New Delhi, February 19, 2021: The 14th edition of the Jaipur Literature Festival began on February 19, 2021, in a virtual avatar that recreated the magic of its customary home, the iconic Diggi Palace. Like every year, the Festival began with a breathtaking Morning Music performance by an internationally acclaimed performer, composer, cultural entrepreneur, and music educator, Shubhendra Rao. This was followed by the inaugural address, titled “Brave New world”, delivered by Jaipur Literature Festival Co-directors Namita Gokhale and William Dalrymple, Managing Director of Teamwork Arts Sanjoy K. Roy and Hon. Minister Dr. B.D. Kalla, Government of Rajasthan.
An intense day of conversations followed, with sessions on music, poetry, politics, science and India’s linguistic wealth. Some of the highlights included sessions on music across genres of folk, classical and popular; the First Amendment of the Constitution of India; the inspiring story of Kalbeliya exponent Gulabo Sapera; increasing political polarisation and its impact on democracy globally; the ancient Buddhist philosopher Nagarjuna and his ideas on the conjunction of science and philosophy; the challenges that Covid-19 has brought to the fore and learnings from pandemics of the past.
In a session discussing his book Moustache, JCB Prize for Literature 2020 winner S. Hareesh talked about the story of the book’s protagonist Vavachan. Through the protagonist, Hareesh weaves a picture of caste and gender politics in Kerala’s Kuttanad. Hareesh said that no Indian story can be told without writing about caste. “Caste is a way of life; it pervades everything we do. As an Indian writer, caste will be a part of your writing, whether you realise it or not.” Moustache won the JCB Prize for Literature 2020, and with the help of award-winning translator Jayashree Kalathil, the novel was able to reach readers across the world.
At another conversation, celebrated actress and international star Priyanka Chopra Jonas was in conversation with author and columnist Shobhaa De, discussing her recently released memoir Unfinished. From her efforts with the girl child, the evolution of how women are perceived in the entertainment industry, from issues like nepotism to the positive power of support from friends and family, Priyanka spoke candidly about her journey through life and cinema. During the course of the conversation, Shobhaa asked Priyanka about her efforts with the girl child and referred to “Chhoti” in the actor’s memoir. “Chhoti is a really important part of it because it shaped just the person I am and the idea of being aware of the world around you was inculcated in me through my parents,” Priyanka said. Sharing an anecdote about Chhoti, she said that Chhoti’s mother worked as a cook at the Chopras’ home and she couldn’t go to school so that her brothers could. This provoked and moved her and eventually led her to initiate the change, said the actor. “I am a daughter of the same country and my parents raised me with encouragement, having an opinion, with choices in my own life, and making decisions according to my desires, and here was a daughter of the same country who didn’t even have the idea that she had choices,” she explained.

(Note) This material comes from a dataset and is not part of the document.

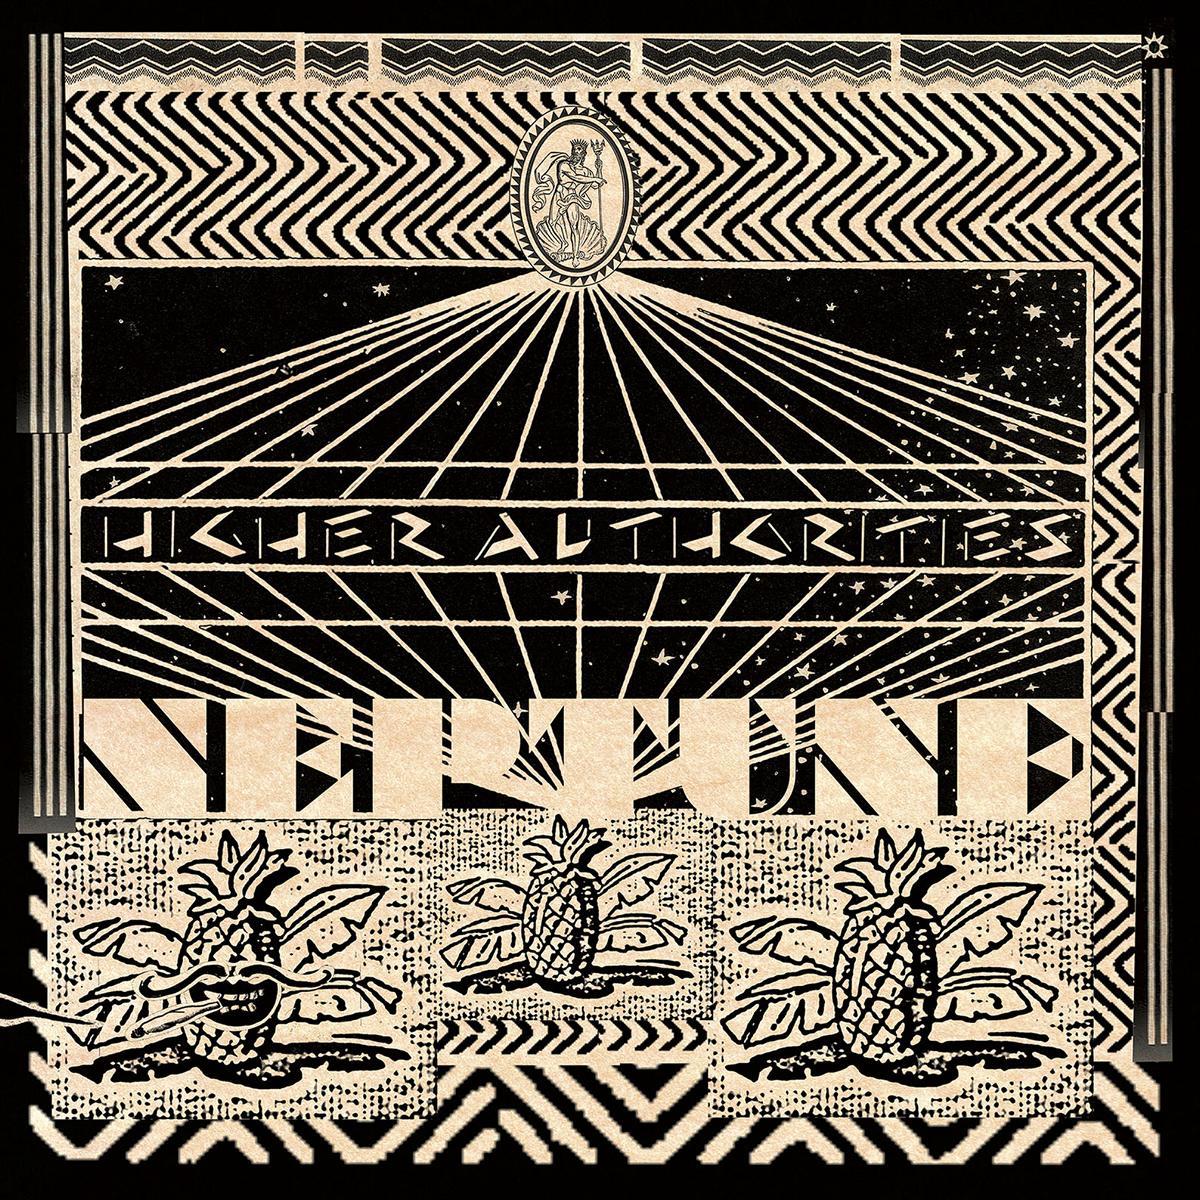 Albumcover: Higher Authorities -- Neptune
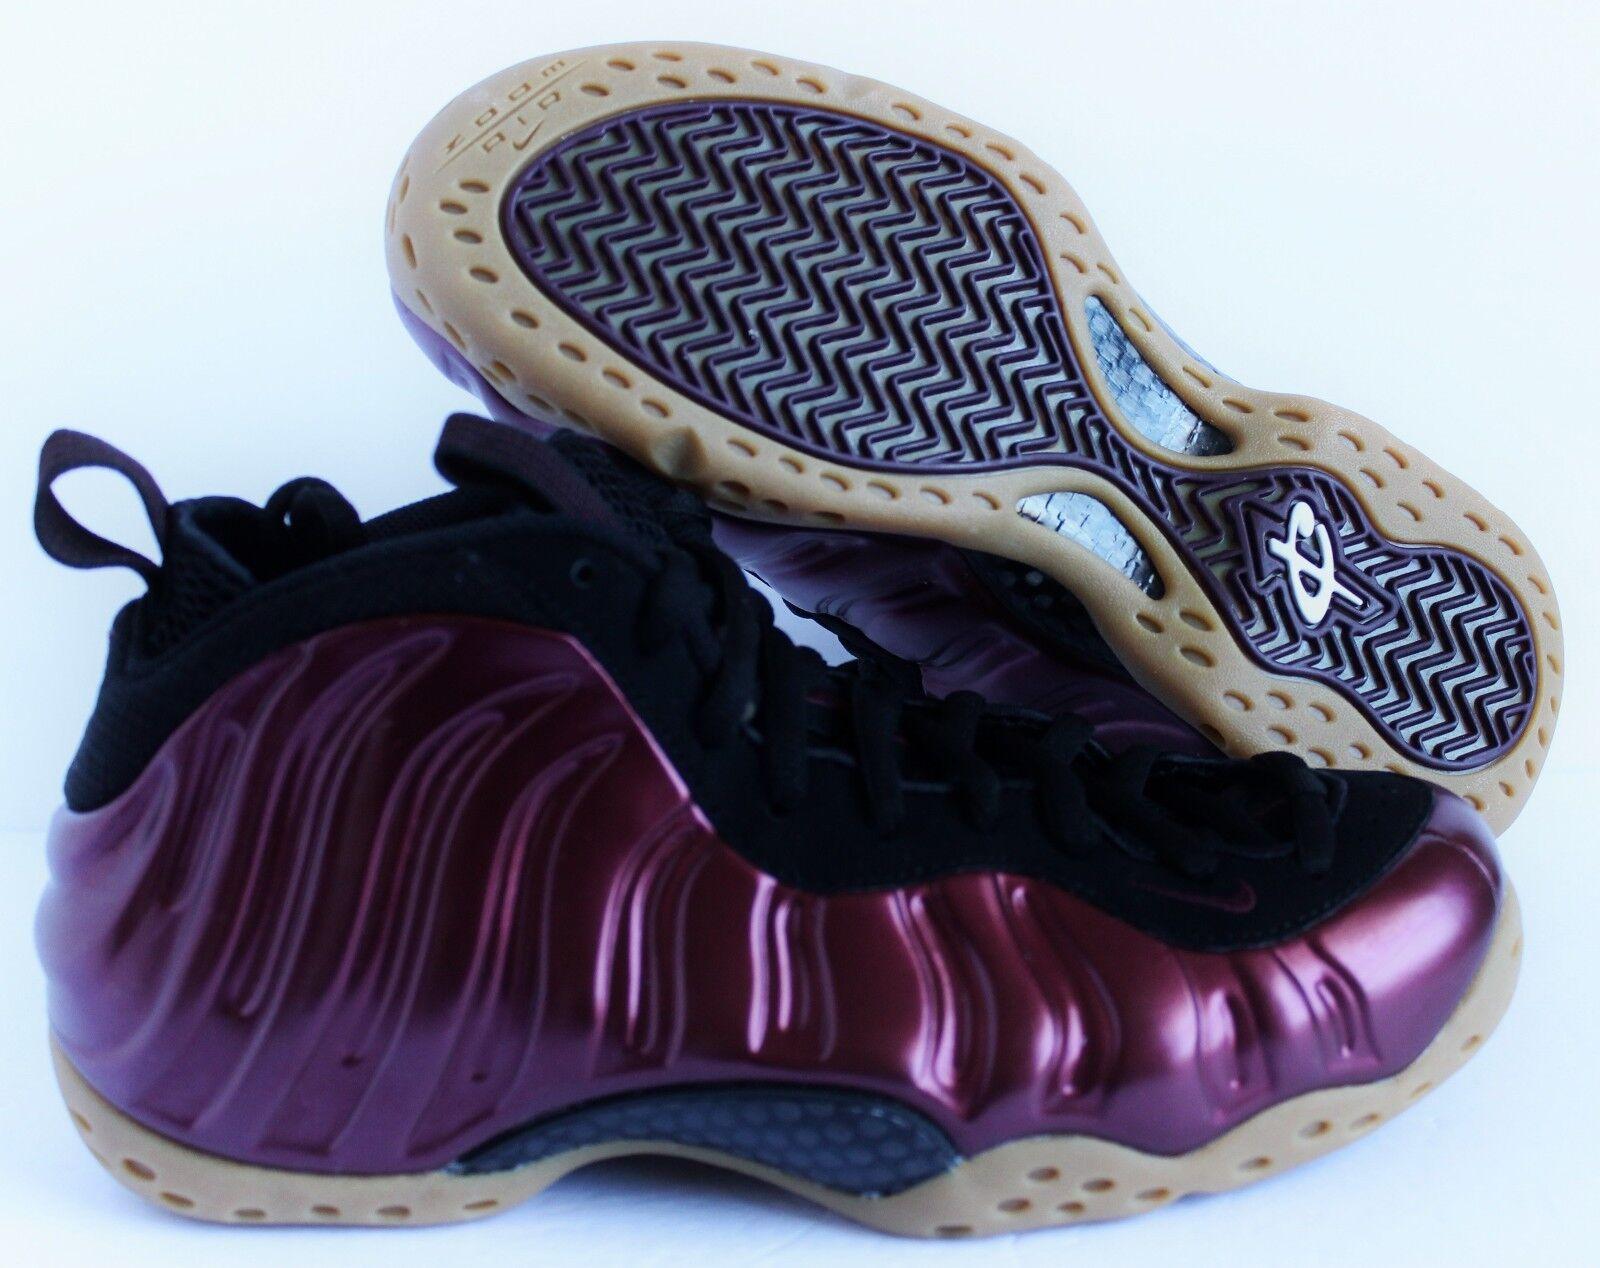 Los hombres de SZ Nike Air Foamposite one night maroon-Negro-gum SZ de 9 [314996-601] cd6f06

The session “Asia Vision 2021” featured an energy-driven panel discussing the global significance of Asia, given that it included more than half of the world’s population. Vivan Sharan, Mihir S. Sharma, Parag Khanna and Shruti Rajagopalan spoke with Sajjid Z. Chinoy about varied subjects including economics, geopolitics, technology and the aftermath of the pandemic. When asked about the “Asiafication of Asia” and what it meant, Parag replied that the world was Asian – demographically, economically and in many other innumerable ways. Thus, “Asia needs to be further Asianised for Asia is most of the world”. He also talked about the collapse of the Soviet having led to the “intra-regional processes” that have caused a “deepening interdependence” of Asian markets. Sharan spoke about technological aspects highlighting that almost all countries had agreed upon the “free flow of data” across borders but with different governance strategies. On being questioned about global politics and the tussle between the USA and China, Shruti suggested that “the only way to deal with geopolitics is to act as if it doesn’t exist” since market economics was more likely to overpower its effects. Speaking about the impact of the pandemic, Mihir commented that it was difficult to know the magnitude of the setback that Asia shall face, when the impediments will come to the fore and how exactly they were going to play out.
At another session, senior journalists Edward Luce and Anne Applebaum, in conversation with Suhasini Haidar, attempted to unpack the complex idea of increasing political polarisation, shaking up established democracies worldwide, and discussed the reasons for this trend. Held, in partnership with The Week, the engaging session took the audiences on an exploration of the global recession of democracies. Haidar was also in conversation with John Micklethwait, the Editor-in-Chief of Bloomberg, at a session concentrated on global power shifts and the necessity for a structural paradigm shift within governments, exposing giant lapses within governments across the world as they scrambled to battle the COVID-19 pandemic.
Exposing the deep fault lines within governments across the world in the face of the COVID-19 pandemic, author and journalist John Micklethwait’s latest book, The Wake-Up Call: Why the Pandemic Has Exposed the Weakness of the West and How to Fix It co-authored with Adrian Woolridge, offers both critical analysis and solutions.